+++ PROVIDED DATA +++

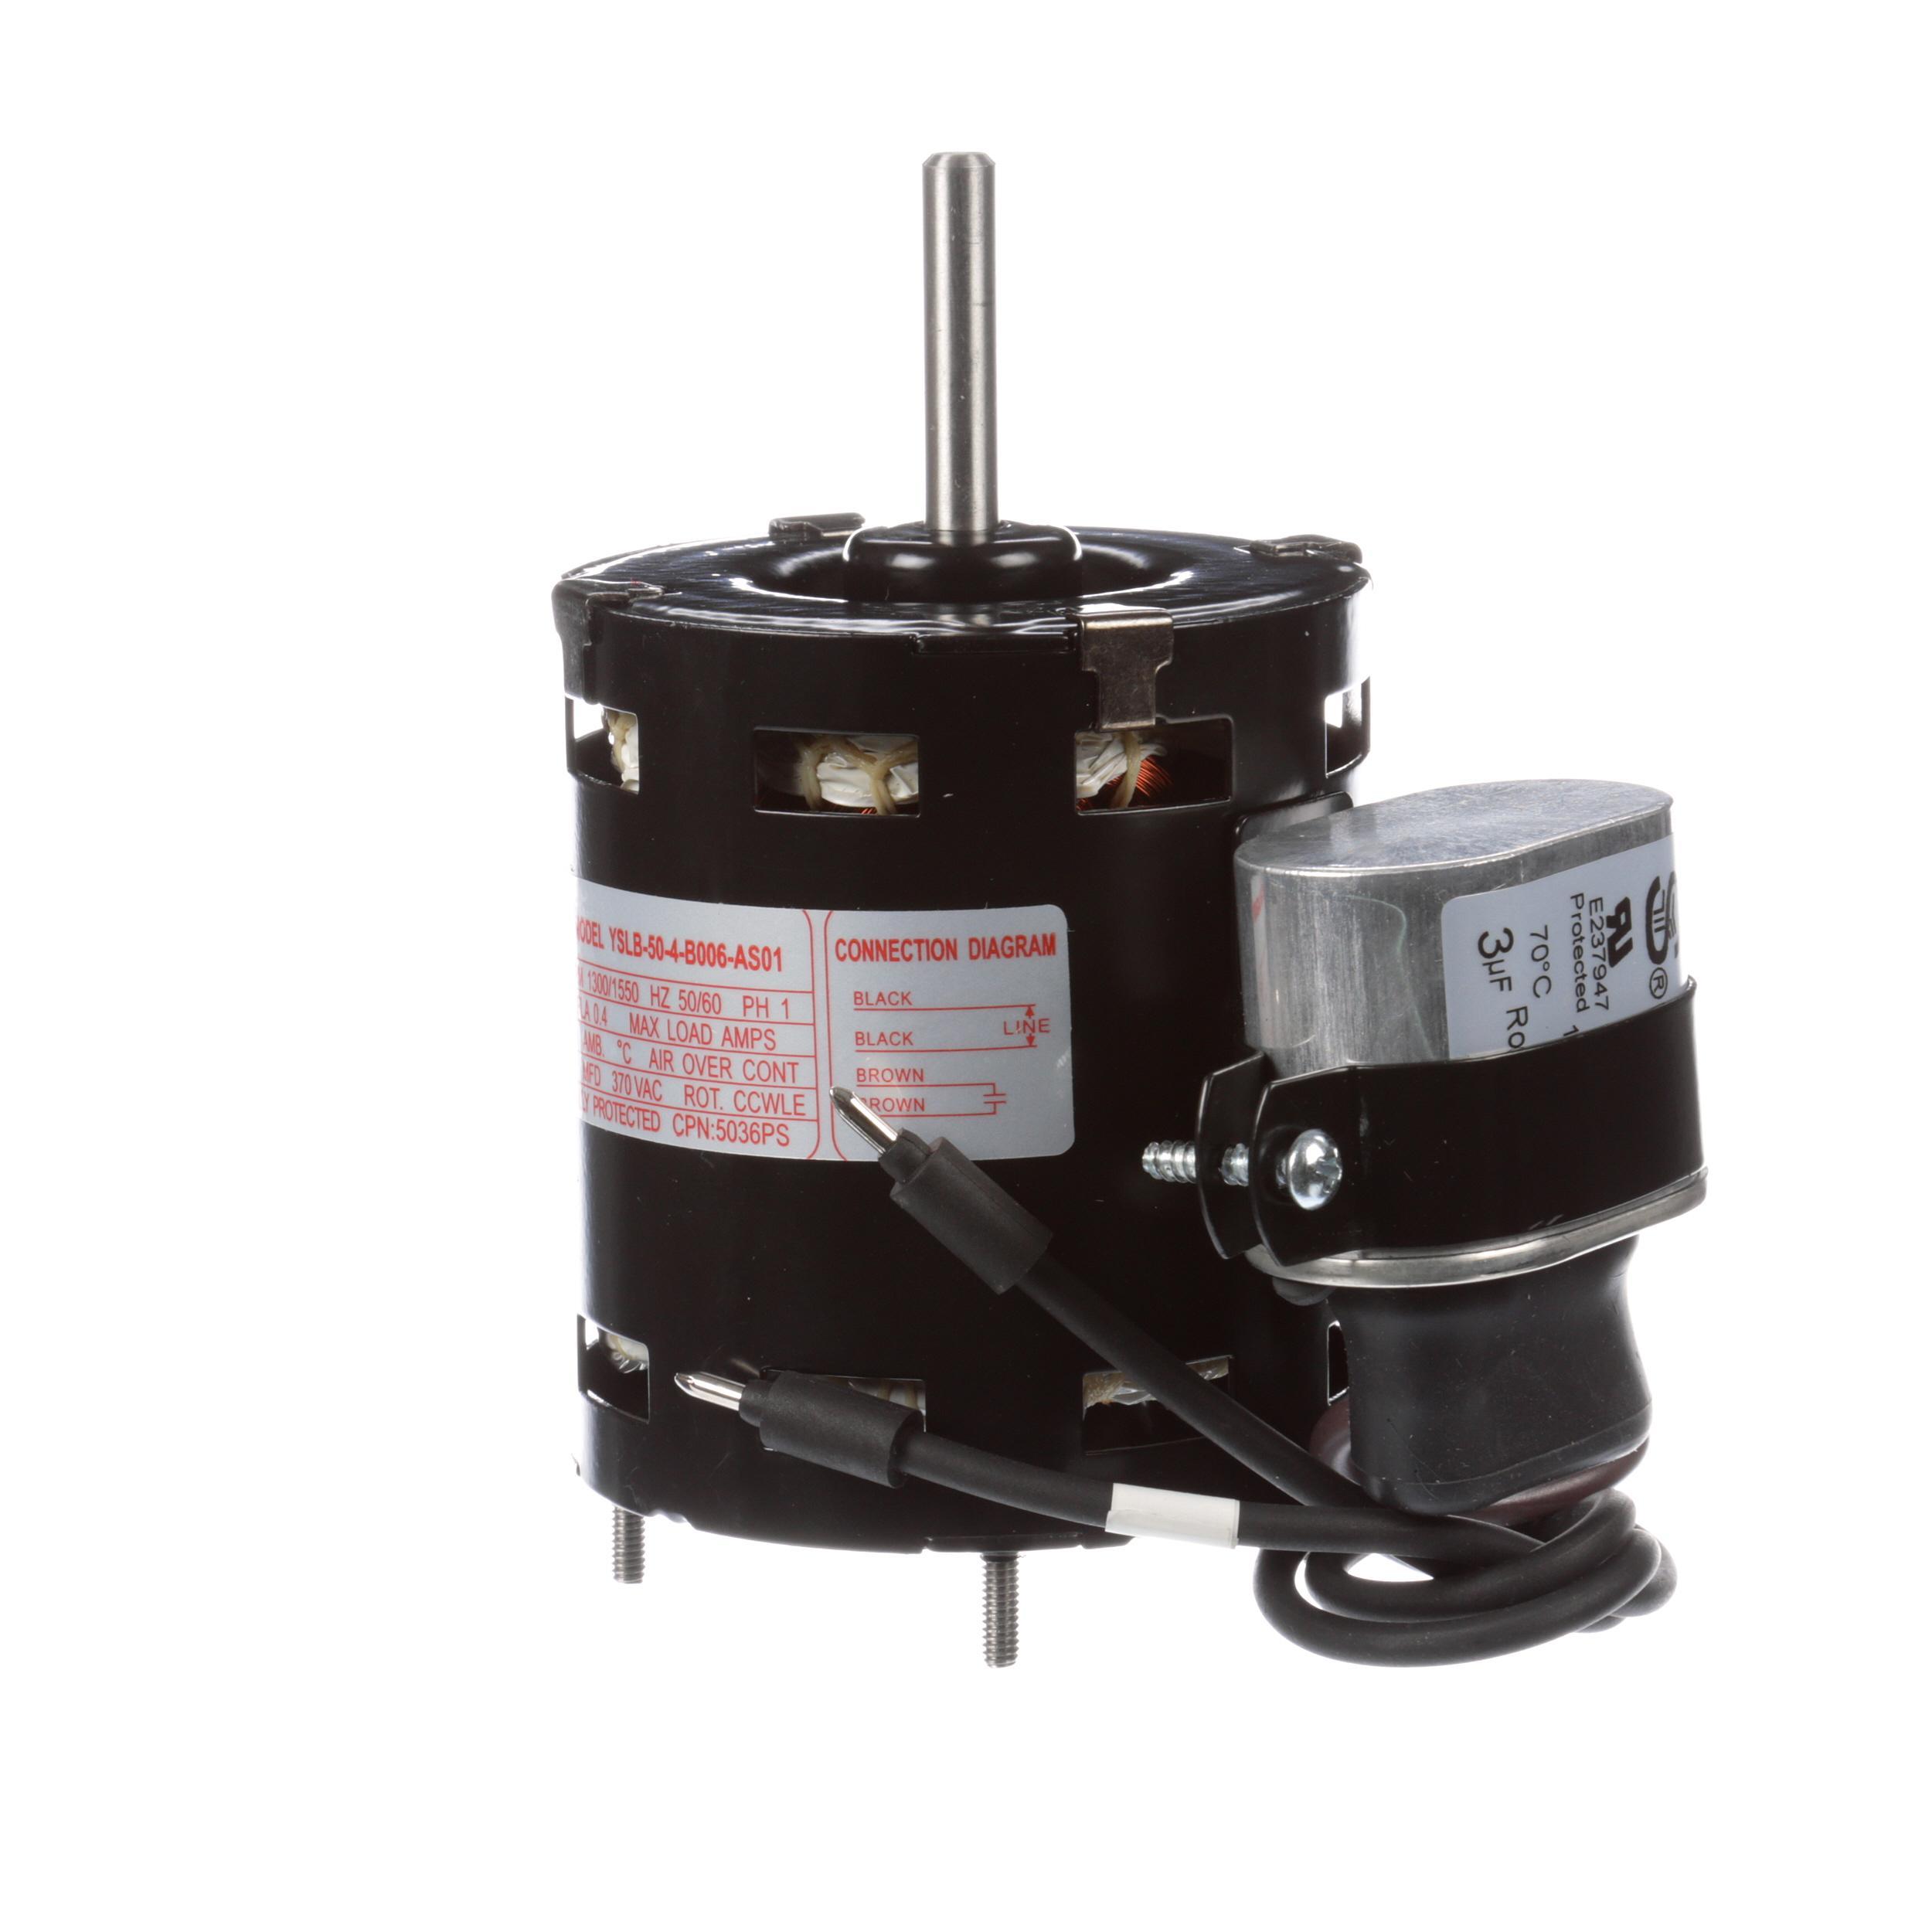 Bohn Evaporators Parts Free Download Refrigeration Wiring Diagrams Let1201f Evaporator Fan Motor Part 5036ps
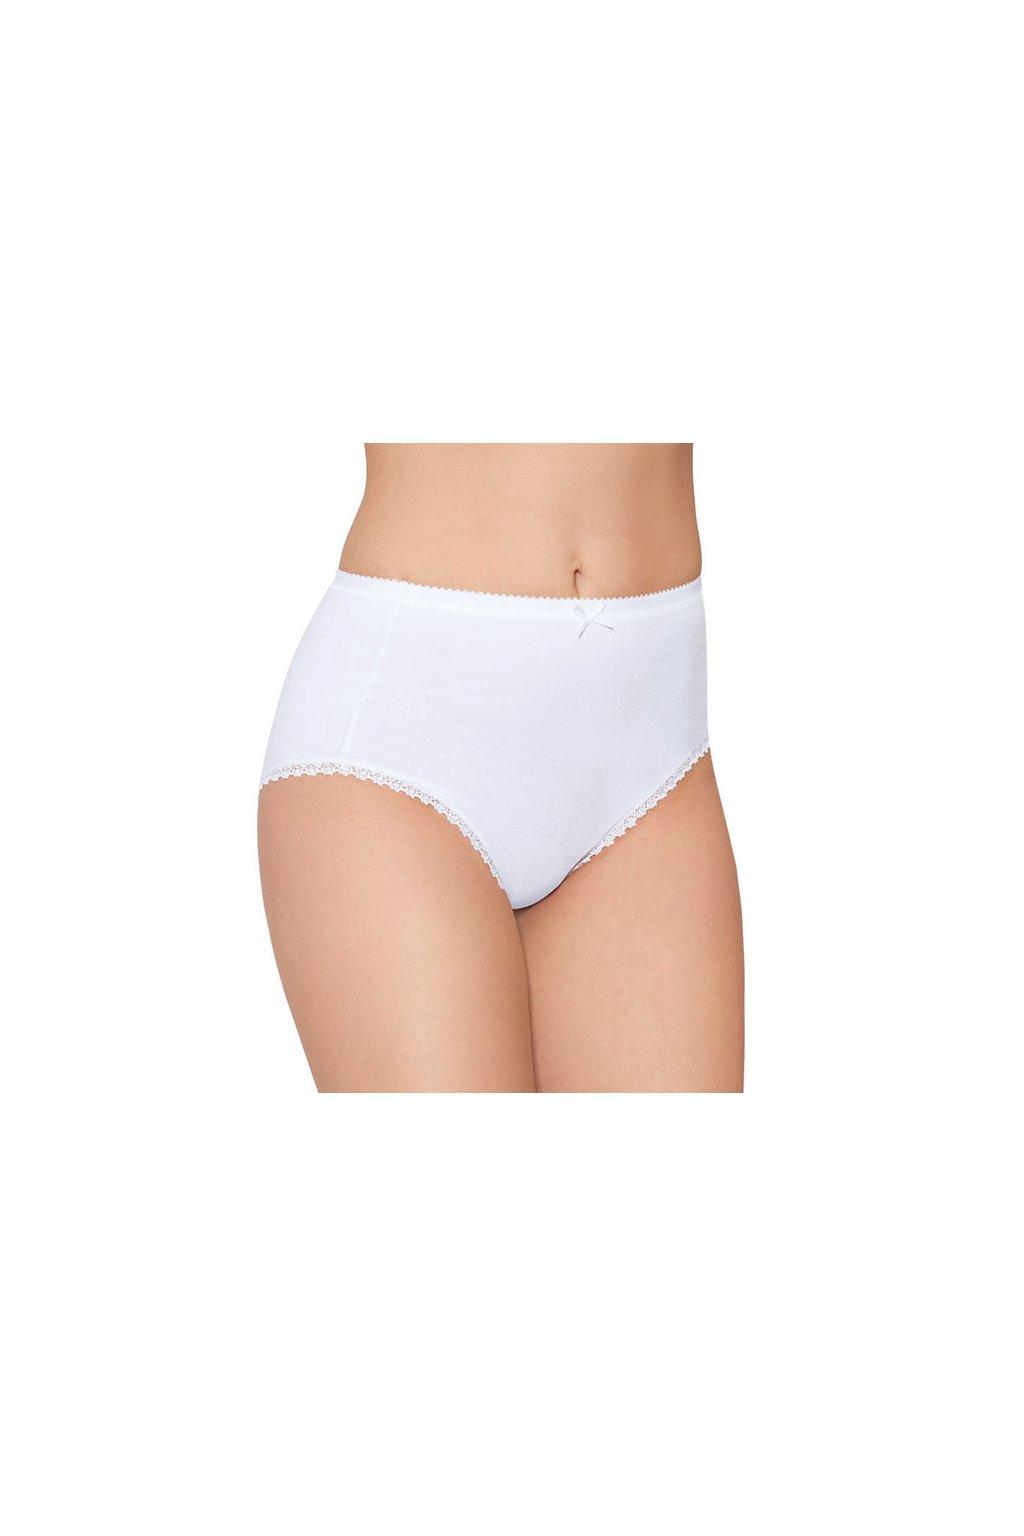 Dámské kalhotky, 10061 1, bílá
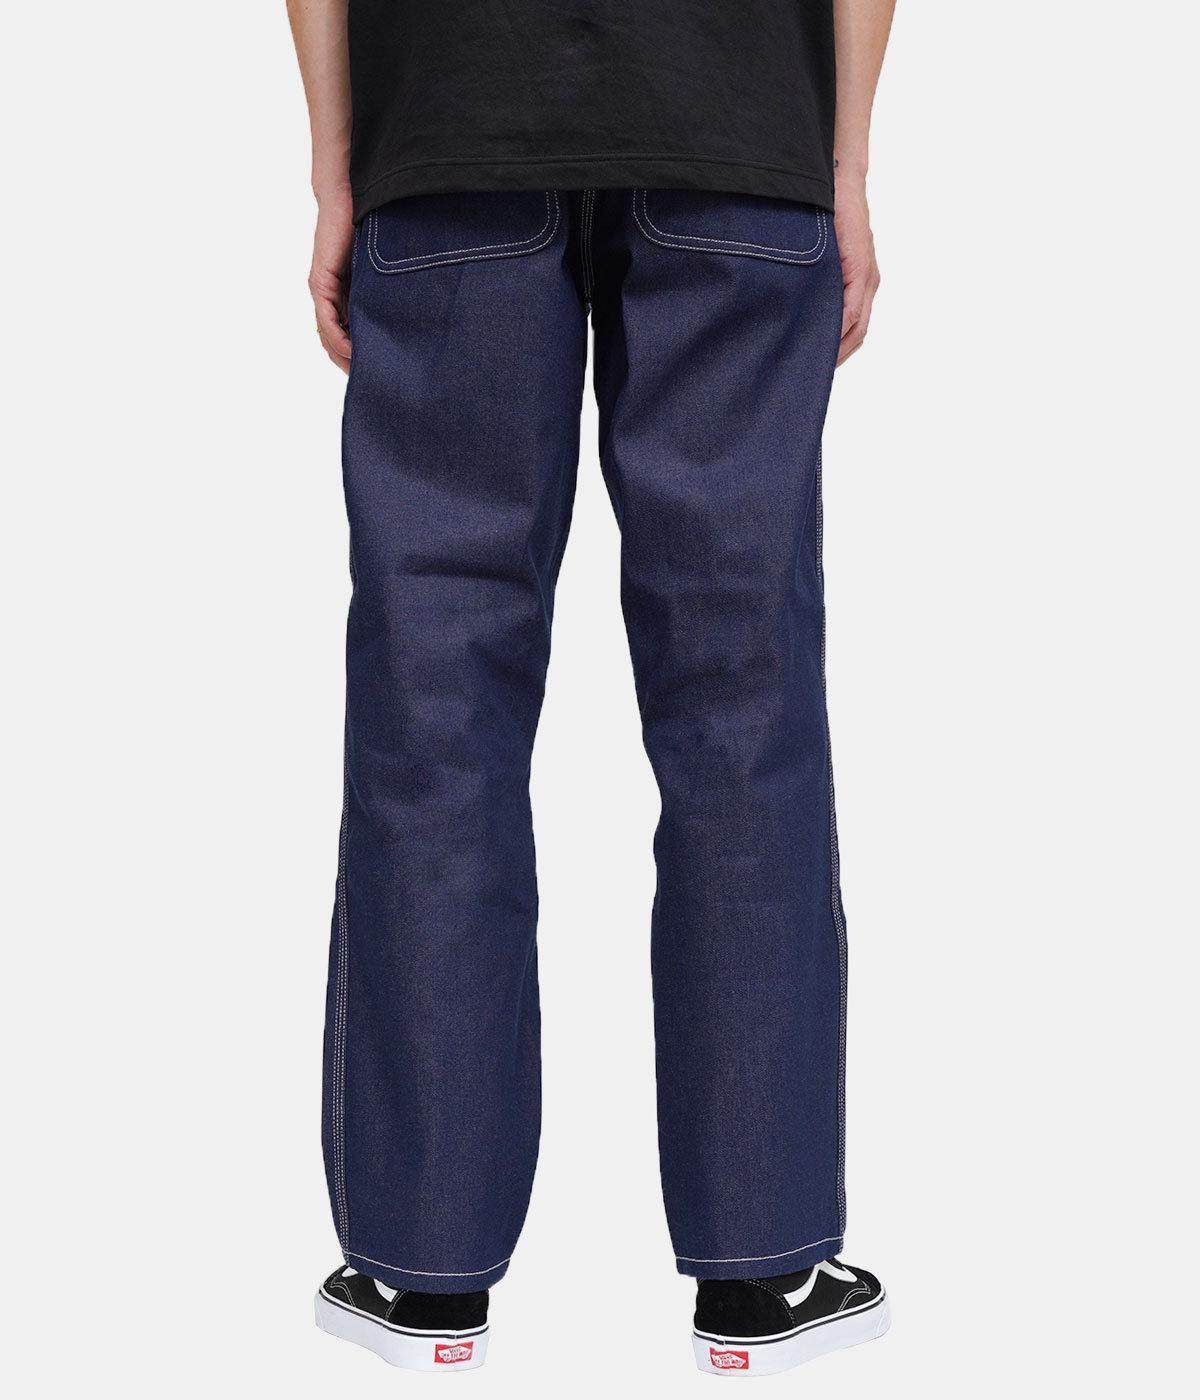 SIMPLE PANT -BLUE RIGID-

+++

Copy the listing above exactly, minus the pictures.

● EXERCISE OUTPUT:
 Bohn Evaporators Parts Free Download Refrigeration Wiring Diagrams Let1201f Evaporator Fan Motor Part 5036ps
 Dámské kalhotky, 10061 1, bílá
 SIMPLE PANT -BLUE RIGID-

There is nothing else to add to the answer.